The current trend in COVID-19-related consumer class litigation is a powerful reminder to diligently assess consumer disclosures and business protocols. Membership- and subscription-based businesses should always be mindful of the ARL’s requirements, but especially of the notices they provide to consumers during this time, and should make sure the notices include all necessary information.
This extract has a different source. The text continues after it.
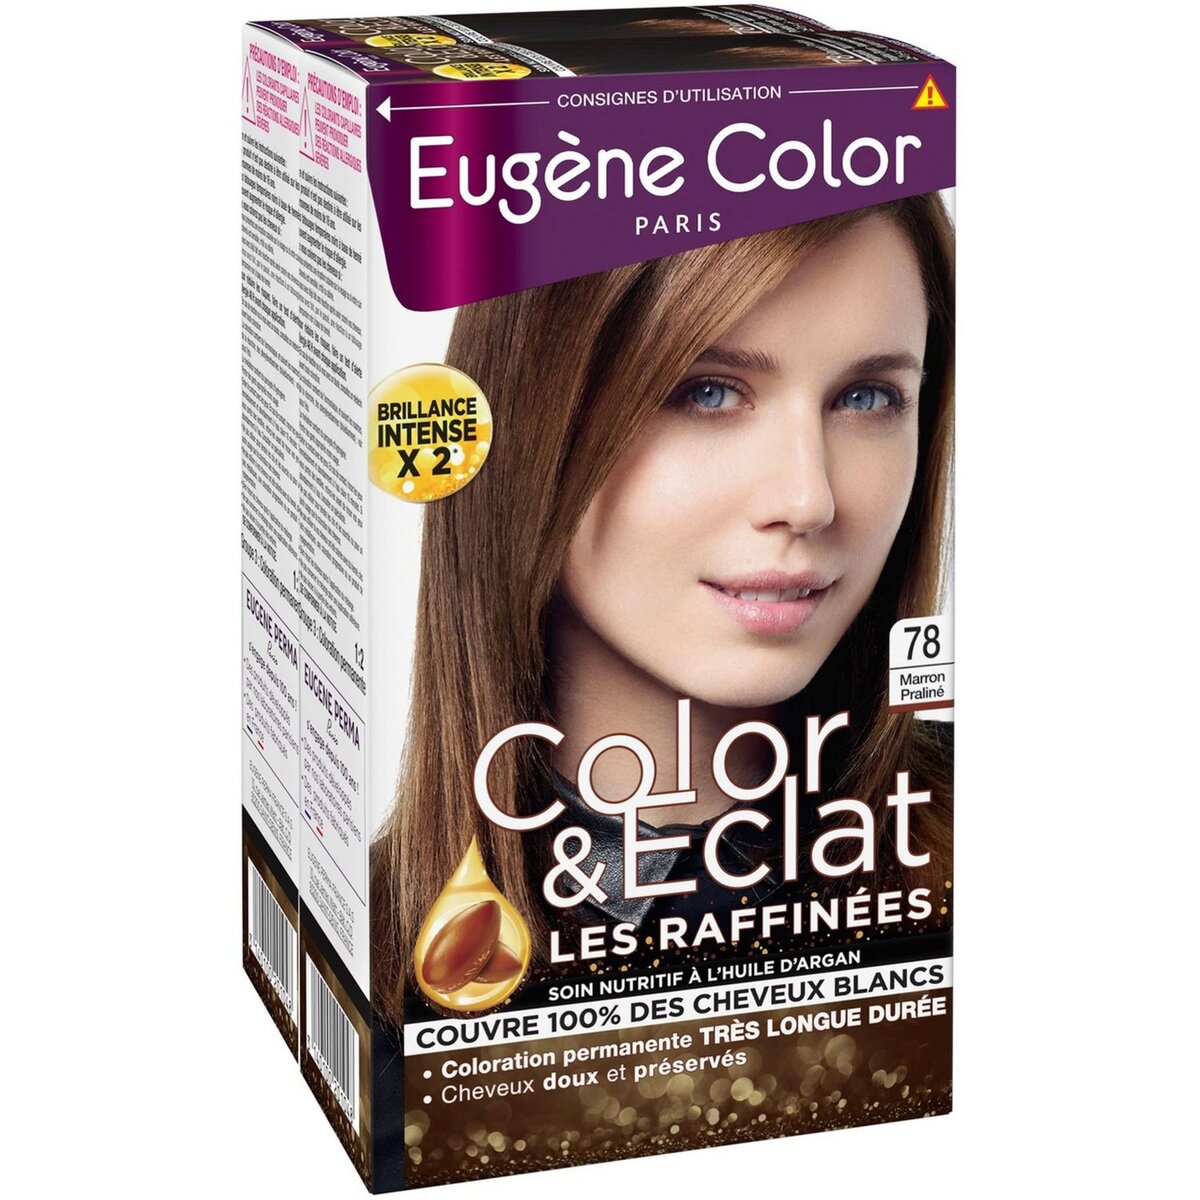 EUGENE COLOR Color & Eclat coloration permanente très longue durée 78 marron praliné 2x3 produits 2 kits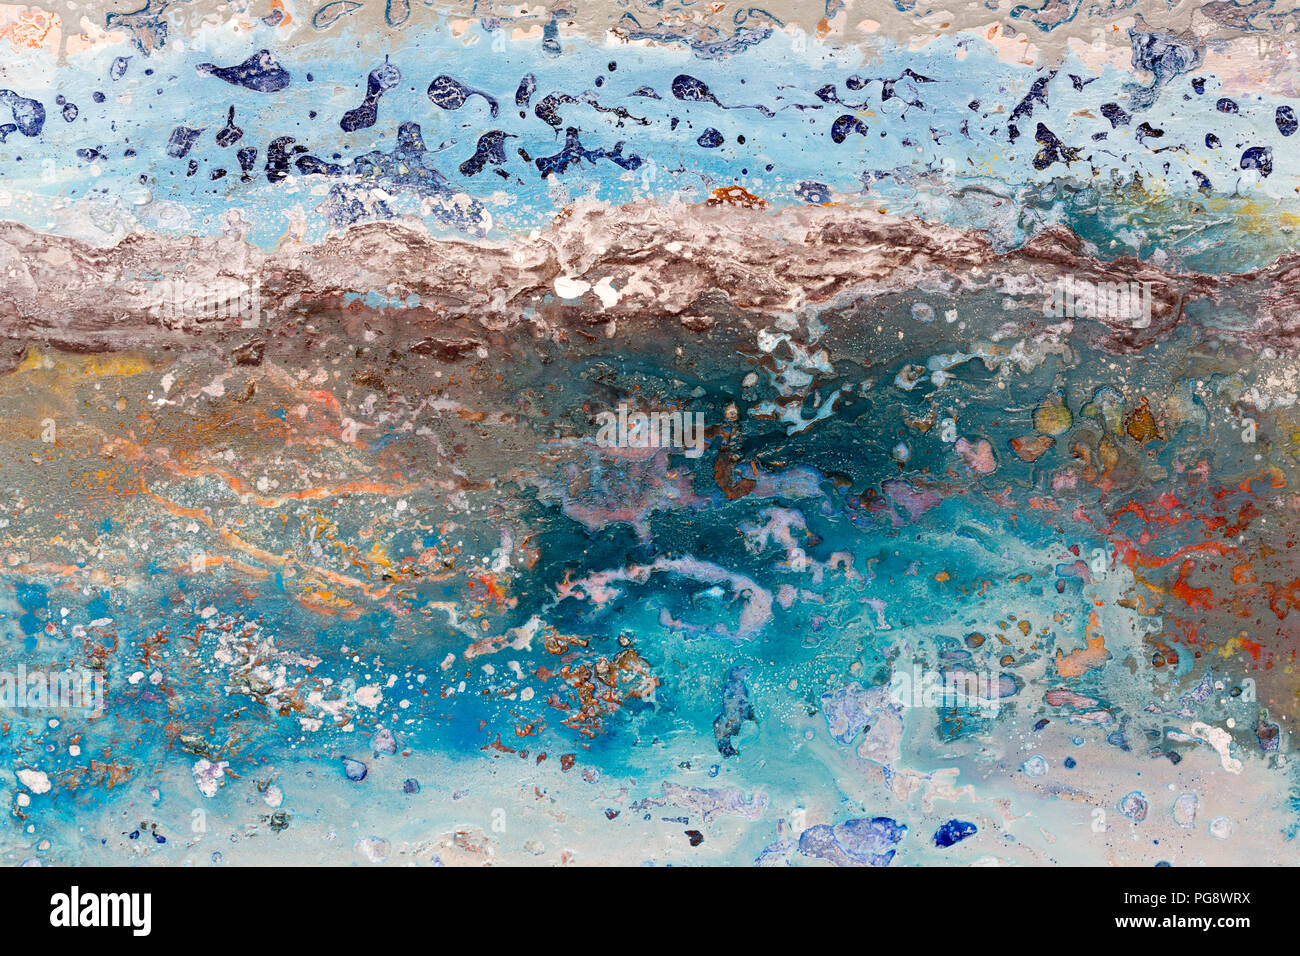 Meer Strand. Landschaft mit dem Meer. Malerei, Bildkunst Stockfotografie -  Alamy

In the action described above, brought against the union, the plaintiff alleges in his complaint that the union “never provided advanced clear and conspicuous notice to plaintiff of this auto-renewal,” and failed to provide any notice or otherwise inform the plaintiff “of its intent to renew the twenty (20) dollar auto withdrawal.”
Businesses should also carefully consider the issues that will likely arise where collections are concerned to avoid claims stemming from unauthorized withdrawal or retention of funds, especially since the ARL and other laws discussed do not state a minimum amount required for injury. Membership- and subscription-based businesses and organizations in particular should seek the advice of competent counsel in revisiting their compliance measures.